*Task goal*: In the listing below, find the line holding "Clothing Coats & Jackets Quality Replica" and the line holding "Printing Cotton Denim Hooded Top". Write out those two lines and all lines between, exactly, and nothing more.

### Records shown

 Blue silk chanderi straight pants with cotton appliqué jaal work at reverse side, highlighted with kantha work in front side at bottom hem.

######
### Records shown

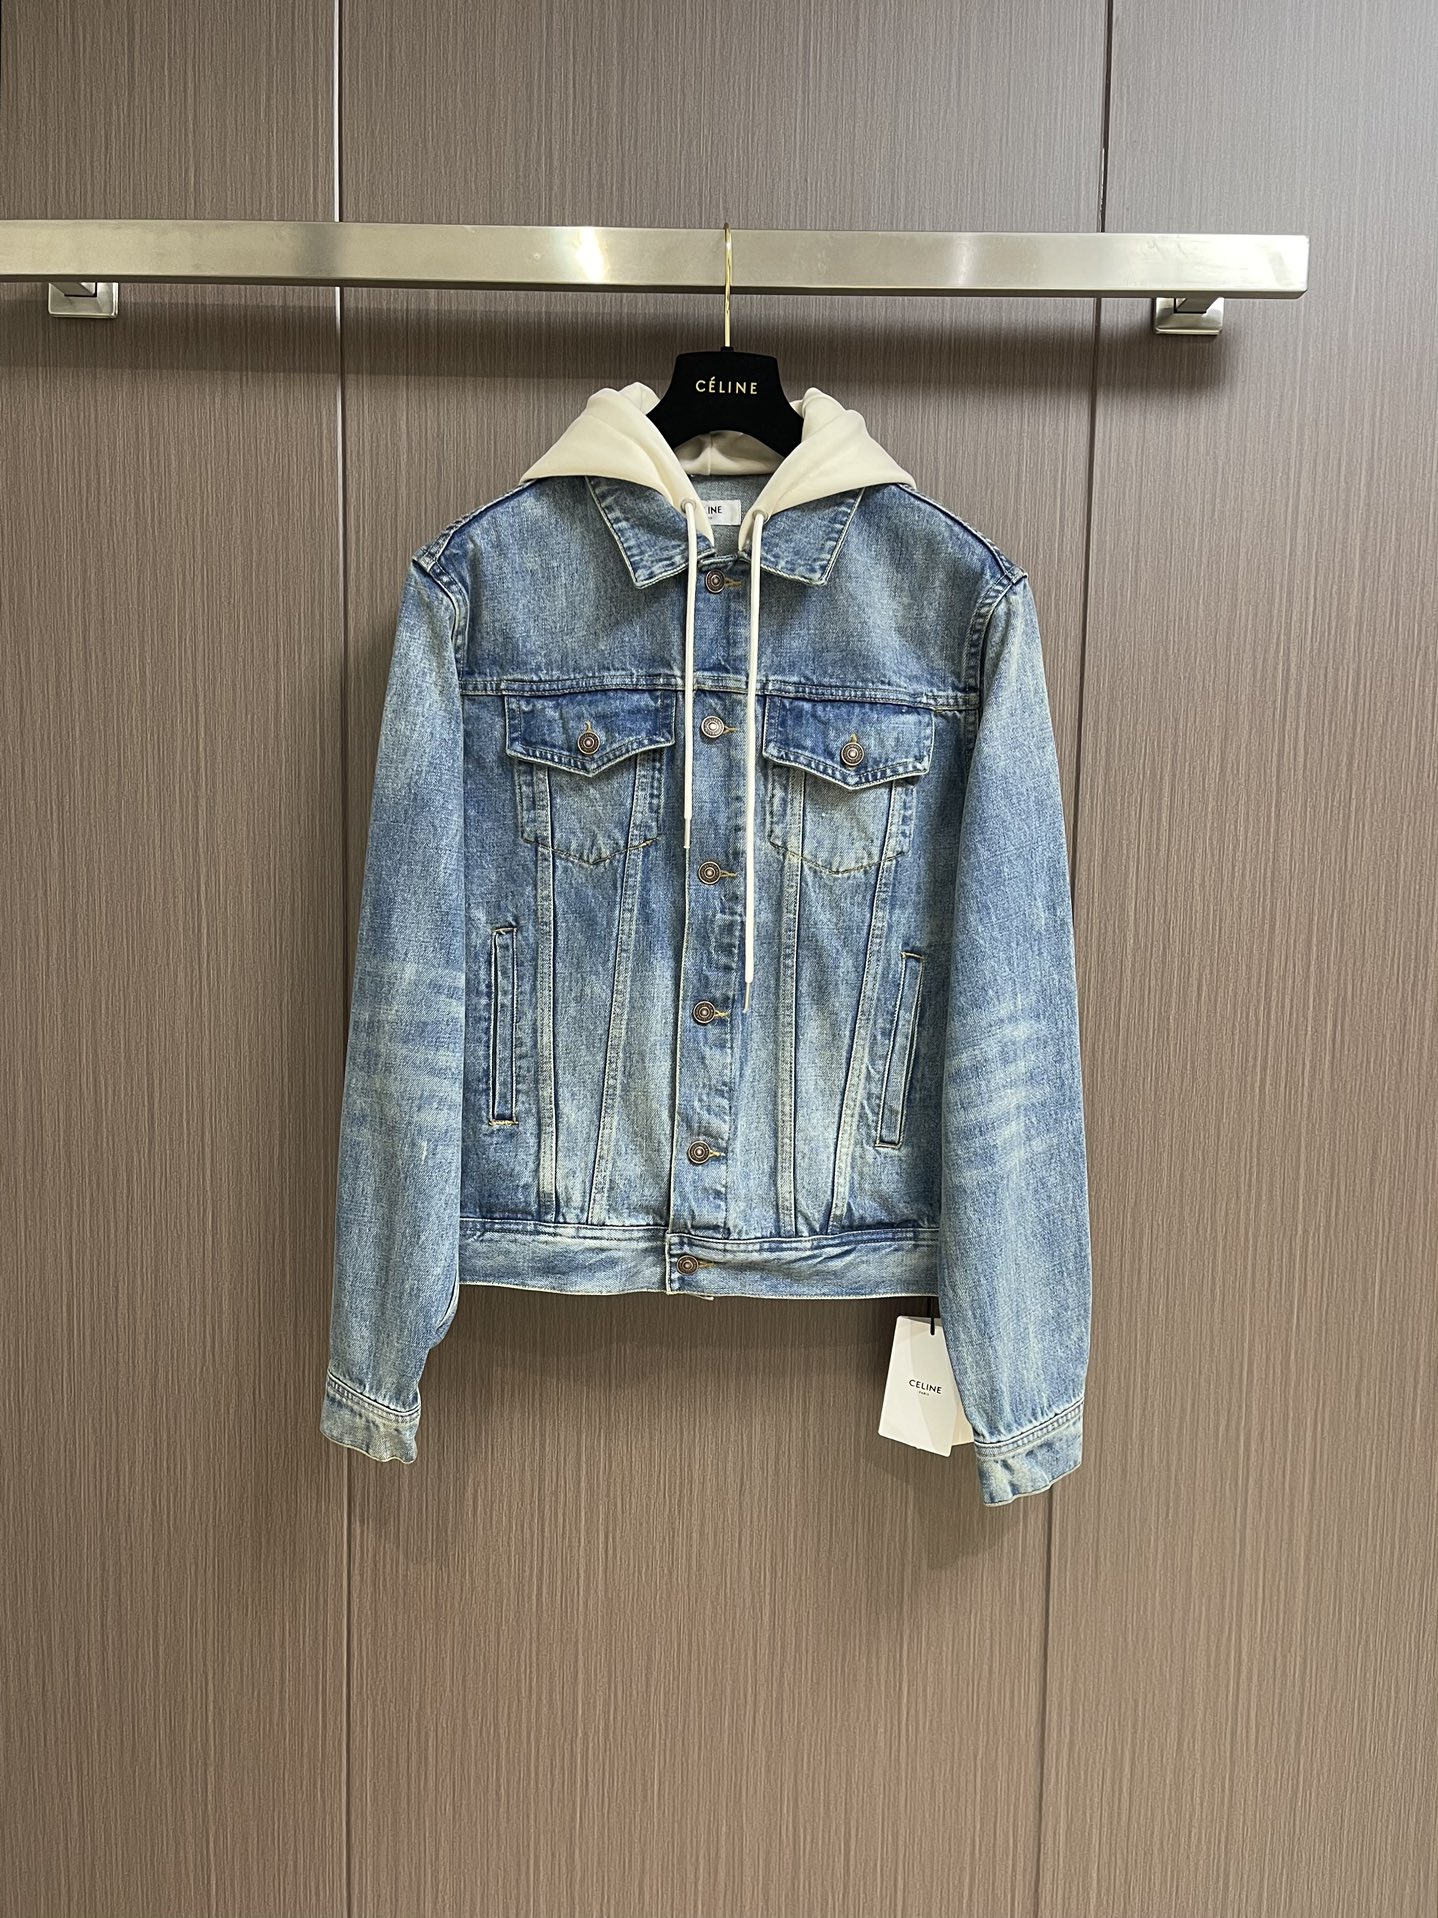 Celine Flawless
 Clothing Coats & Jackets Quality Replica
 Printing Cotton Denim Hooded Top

######

*Answer box*:
 Clothing Coats & Jackets Quality Replica
 Printing Cotton Denim Hooded Top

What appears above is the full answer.